As of Jul 2, 2026, the average hourly pay for temporary ai language trainer in the United States is $31.24, according to ZipRecruiter salary data. Most workers in this role earn between $19.95 and $35.58 per hour, depending on experience, location, and employer.

How does a Temporary AI Language Trainer typically collaborate with engineering and data science teams during a project?

As a Temporary AI Language Trainer, you will frequently work closely with engineering and data science teams to provide linguistic expertise and insights. This often involves reviewing datasets, annotating language data, and offering feedback on model outputs to help improve AI performance. Effective communication and a collaborative mindset are key, as you'll be expected to clarify language nuances, participate in regular project meetings, and align your work with overall project goals. This cross-functional teamwork ensures that the AI models are both technically robust and linguistically accurate.

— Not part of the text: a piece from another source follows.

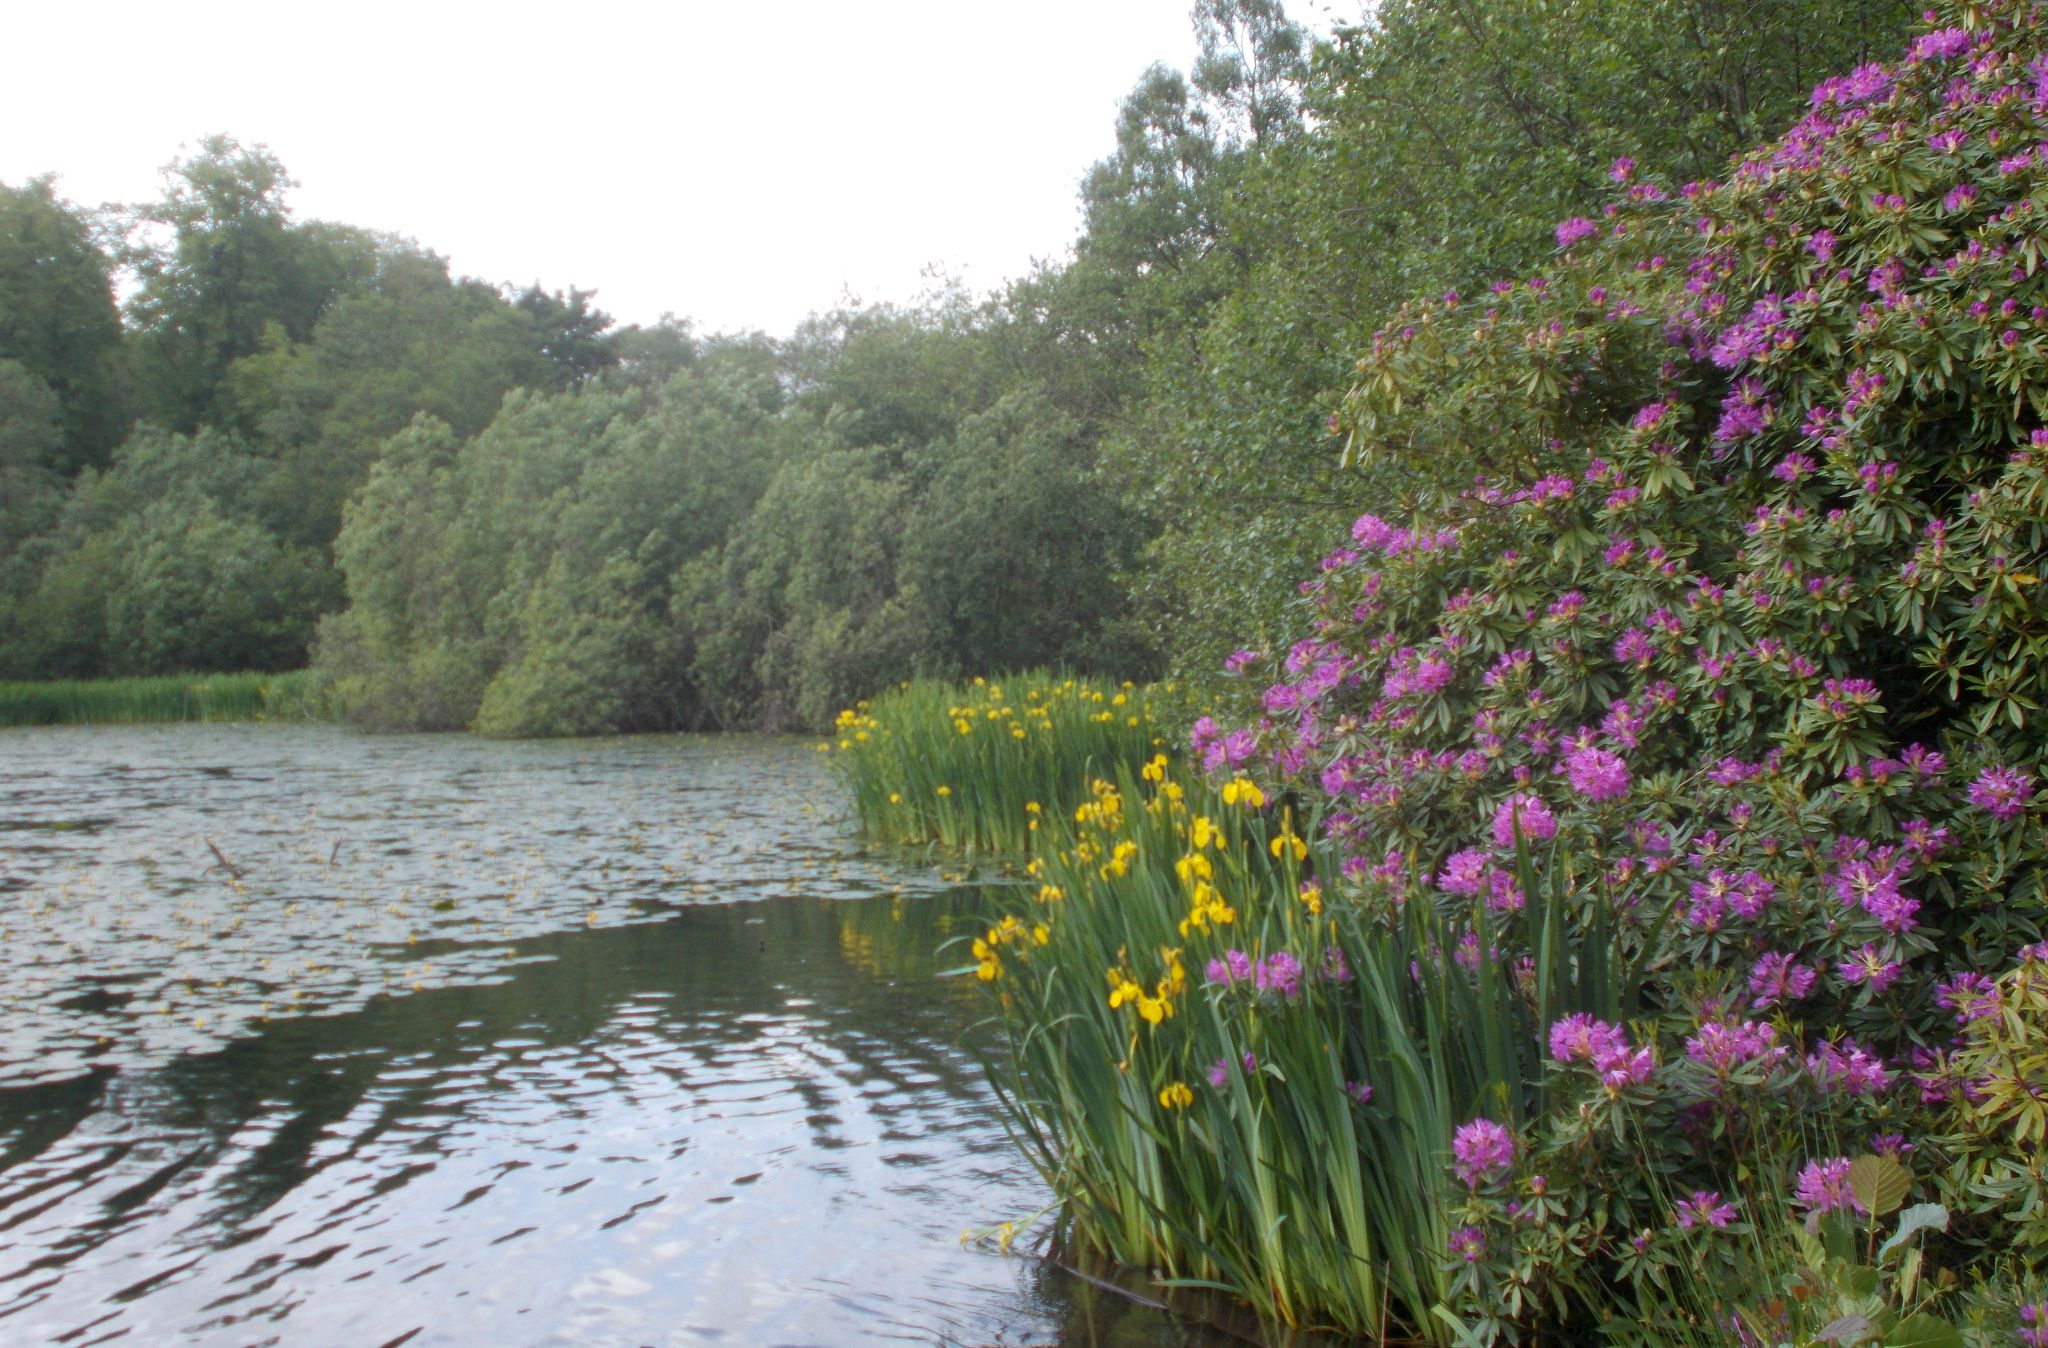 Iris and Rhododendrons at Kilmardinny Loch in Bearsden

What are Temporary AI Language Trainers?

Temporary AI Language Trainers are professionals hired on a short-term basis to help develop, train, and improve artificial intelligence language models. Their responsibilities typically include reviewing, annotating, and generating text data, assessing AI outputs for quality and accuracy, and providing feedback to enhance the model's performance. These roles are crucial for refining AI systems to better understand and generate human language, often requiring strong language skills and attention to detail. Temporary positions may be project-based or seasonal, offering flexibility for both employers and workers.

What are the key skills and qualifications needed to thrive as a Temporary AI Language Trainer, and why are they important?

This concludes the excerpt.